つまり、手料理にこだわるのは「自分のため」なのです。
では何を負担に感じていたのか。
「買い出し」がしんどい本当の理由
料理について分解して考えていくと、私にとって不調の時の買い出しが負担になっていることに気が付きました。
・新鮮な食材でないと、料理をするモチベーションが沸かないし、そもそも買いたくない
・時期によっては新鮮な食材を手に入れるために、個人商店含めて複数店舗回るのが負担
・体調が優れない日の買い出しは、とにかくしんどい
言い換えれば、買い出しのハードルである「新鮮な材料が簡単に入手」できれば解決する。
そのための仕組みづくりに取り組みました。
ジムを活用した“ラクになる仕組みづくり”
負担に感じていた買い出し。
ネットスーパーを利用して買い出し自体をやめることは、「新鮮な食材を購入したい」私には、難しいと感じました。
なので、まずは「頻度を減らす」ことに。
料理のメニューを見直して、一品に使う食材の種類を減らす。
その代わり、新鮮な状態のまま一度の料理で食材を使い切るようにする。
そうすることで、まずは2~3日分の食材をまとめて購入して、使い切るようにしました。
また、そもそもの体調不良も大きな問題だったので、毎日ジムに通うようにしました。
ここで、運動の効果を利用しました。
ジムに行く前は不調でも、運動すると身体も心も元気になるので、その勢いで買い出しに行くようにしました。
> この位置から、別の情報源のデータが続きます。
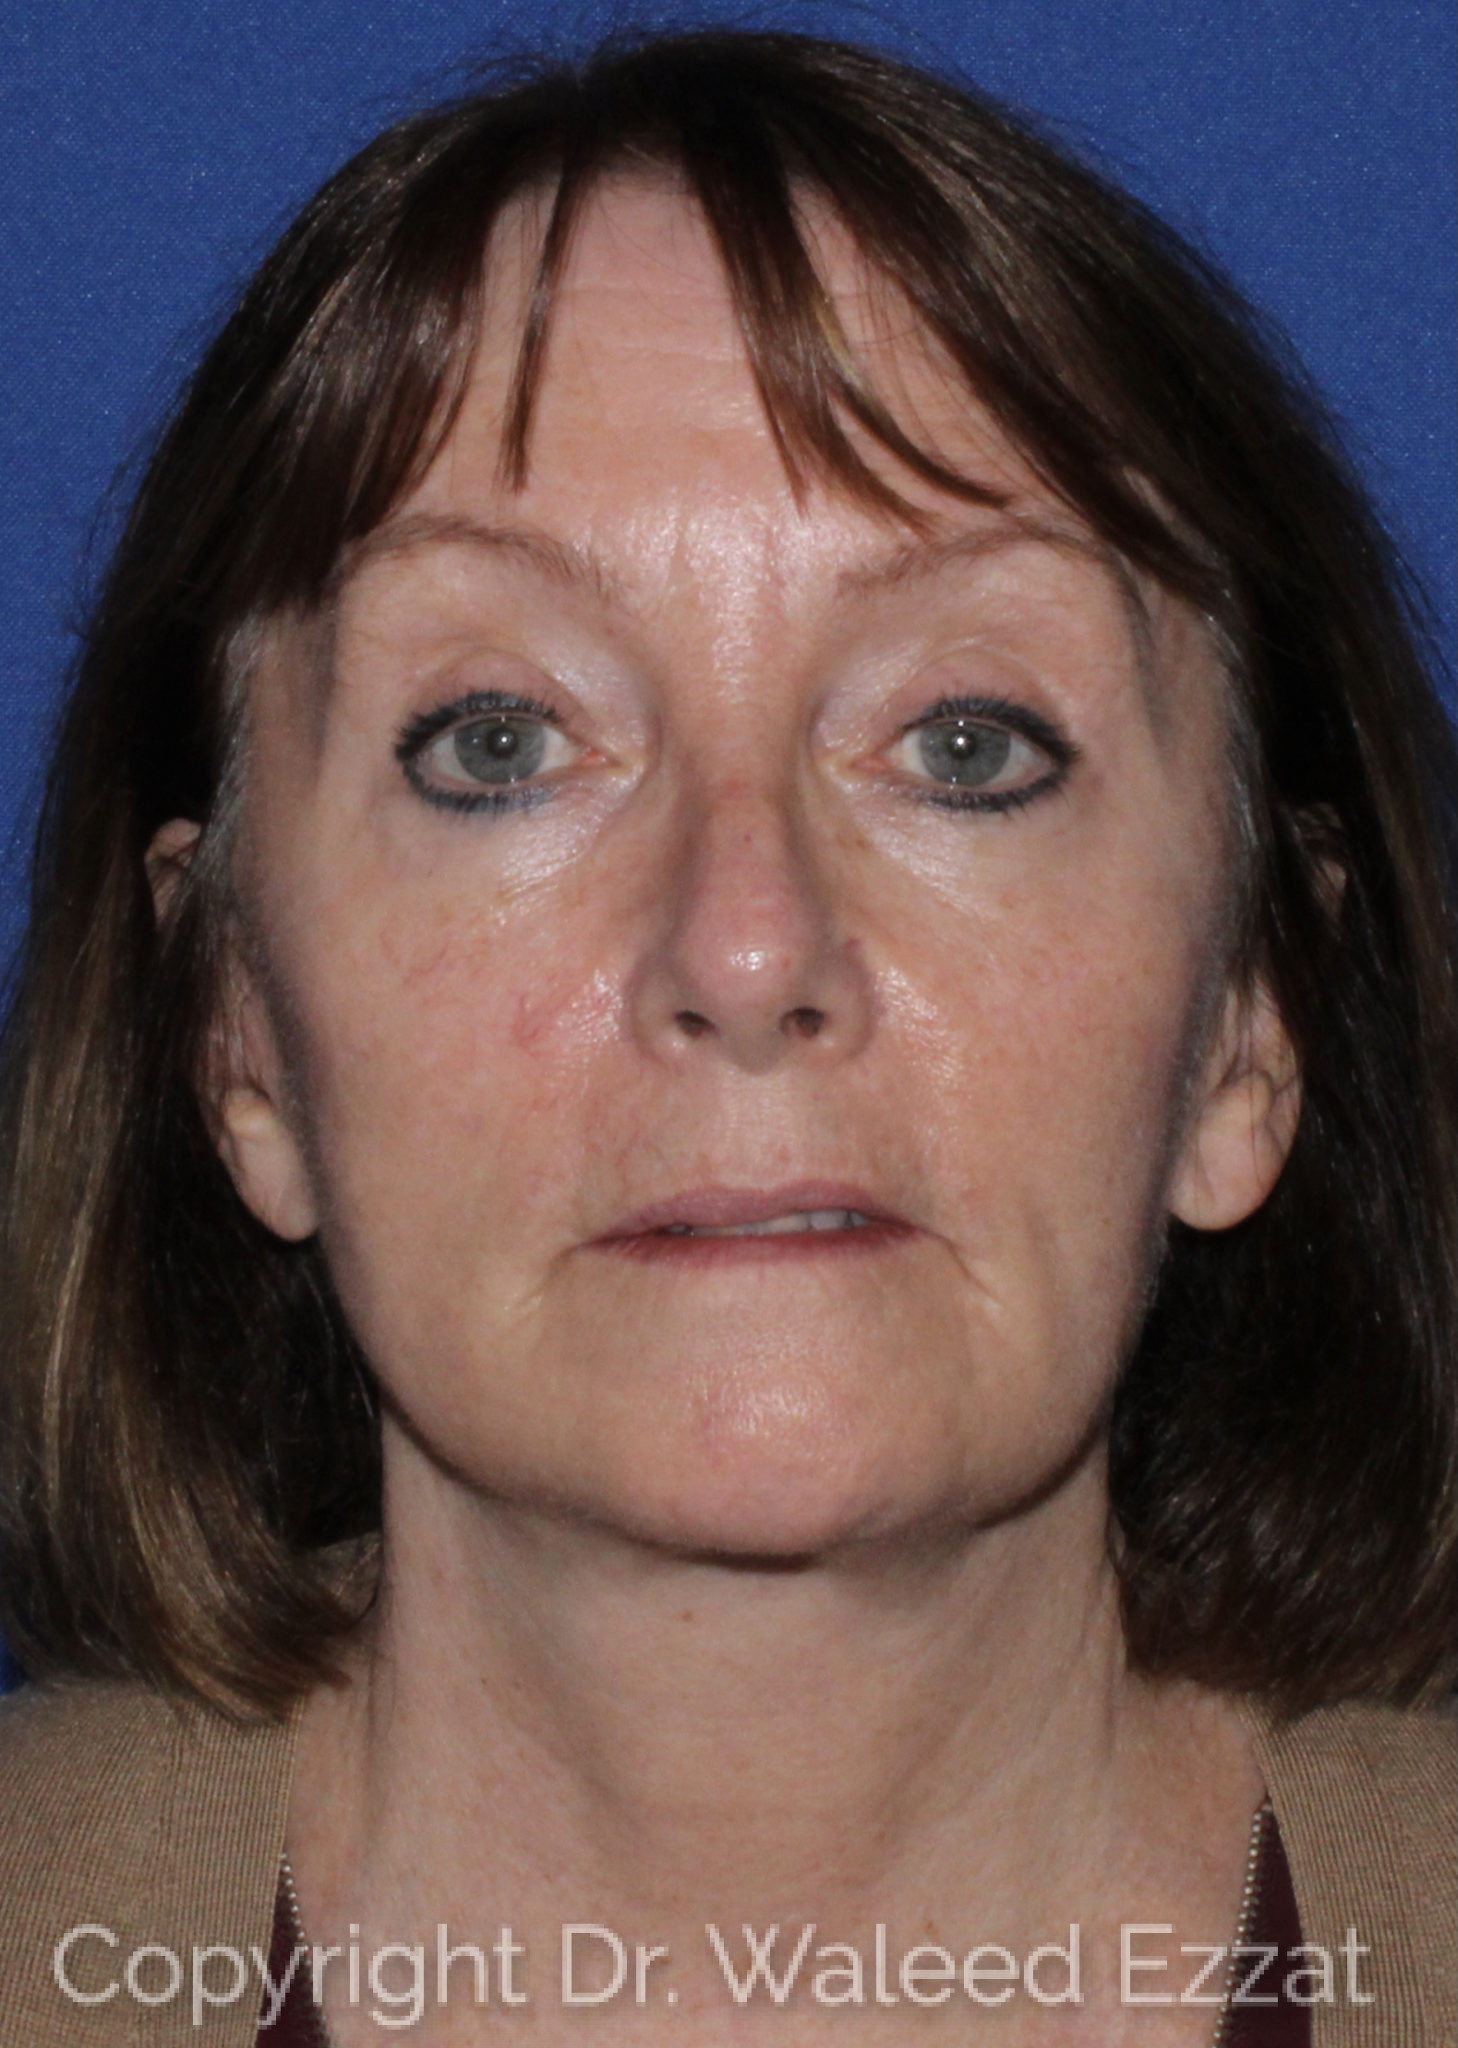 Blepharoplasty Patient Photo - Case 3 - after view

「買い出しのため」でなく「自分の体調改善のため」に外出して、ついでに買い物をする。
そう考えると気持ちが楽になりました。
こうして、納得して身体を動かすことで、身体と心が元気になっていきました。
“自分のため”に家事をする。
そのことに集中して、暮らしを整えていく。
次第に料理以外の家事に対する納得感も大きくなり、必要以上に自分を追い込むことがなくなりました。
パートナーと暮らす中で見直した“家事の意味”
あなたは“パートナーと家事”と聞いて、何を感じますか?
私は、家庭はパートナーとの共同運営と考えています。
一年前に退職しましたが、生活費については共働きの時同様、退職してからも変わらず折半しています。
私は「お金で遠慮したくない」という気持ちが強く、扶養されることは私にとっては苦しいこと。
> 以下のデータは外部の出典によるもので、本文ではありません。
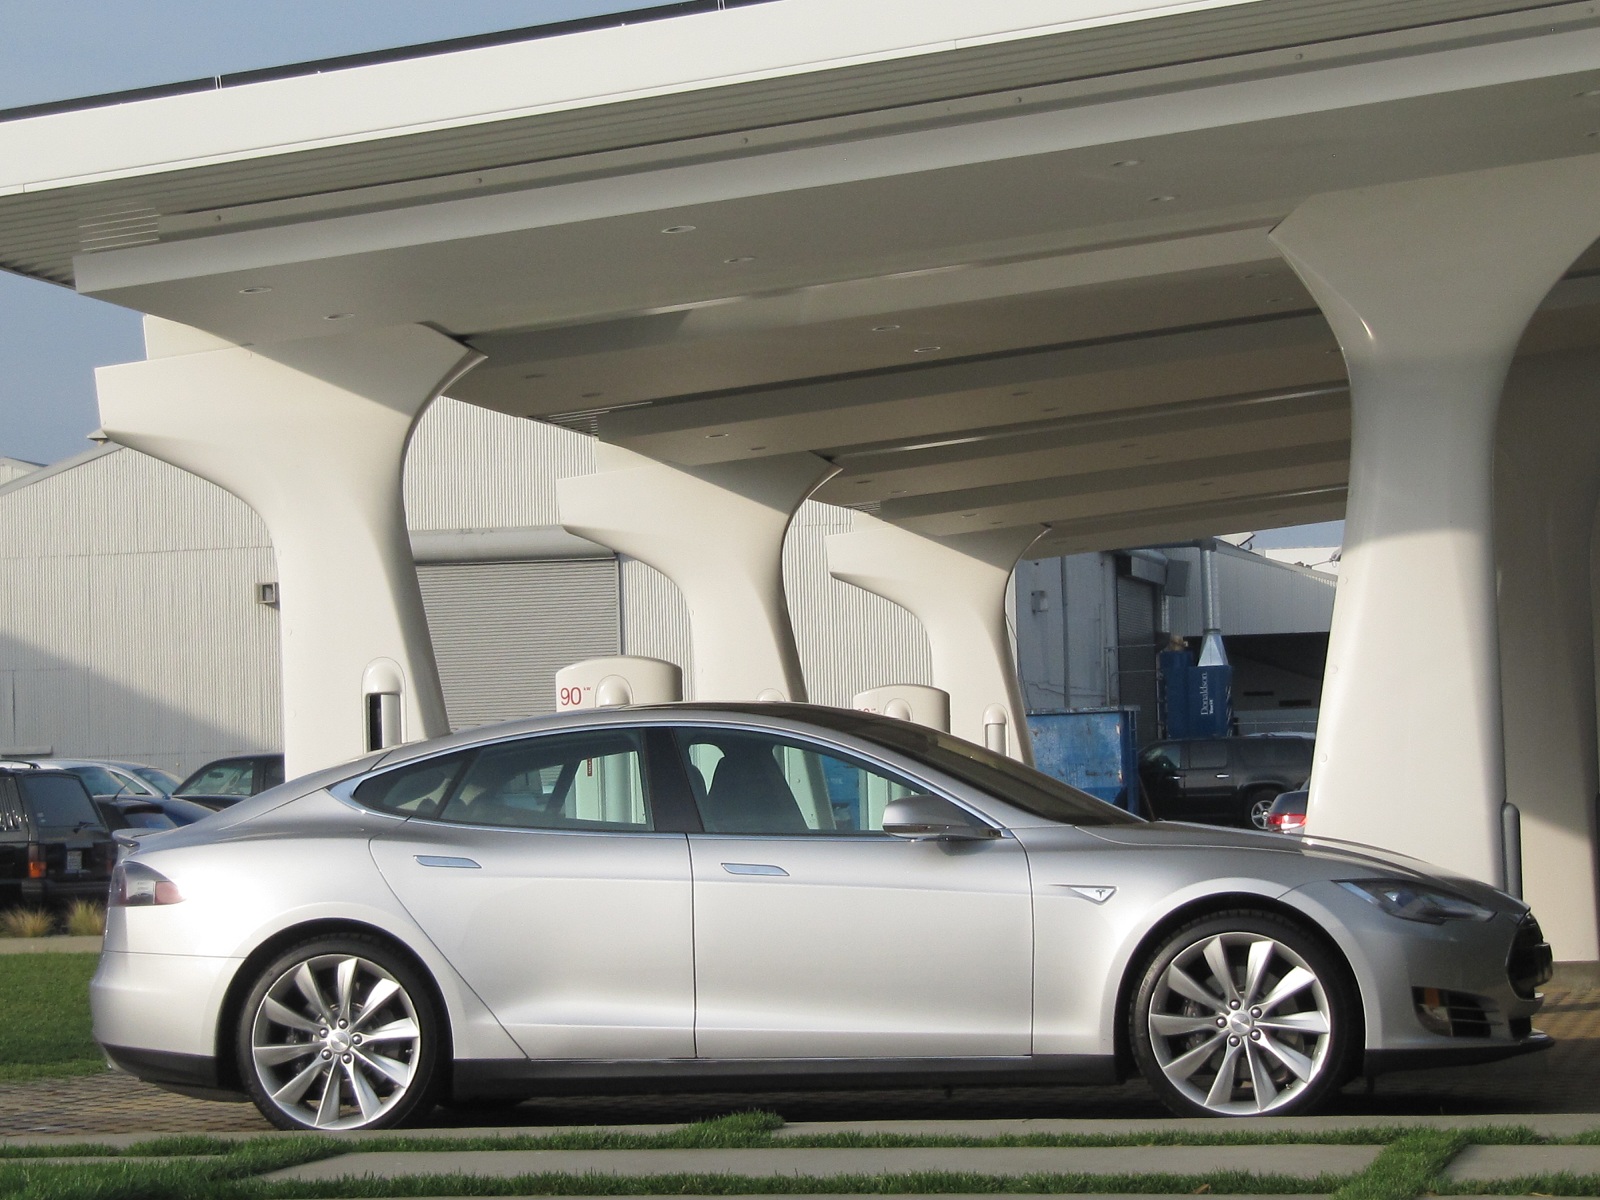 five facts about tesla electric cars that may surprise you

生活の見通しが立つ貯金額があったからこそ、退職に踏み切れました。
パートナーがいる場合、女性の家事負担が統計的に多く、我が家の場合も同様です。
近年その差は縮小していますが、実感としては「それが何か?」という感覚です。
私が家事をするのは、“女性だから”というより“気になるから”と考えています。
気になることが、夫より私の方が多い。
だから私の方が、家事をする。
それだけの話だと思っていました。

もちろん、幼い頃から植え付けられてきた「男女平等」「家事は女がするもの」の矛盾した考えや、実家での家族の家事に対する考えにも影響されていたと思います。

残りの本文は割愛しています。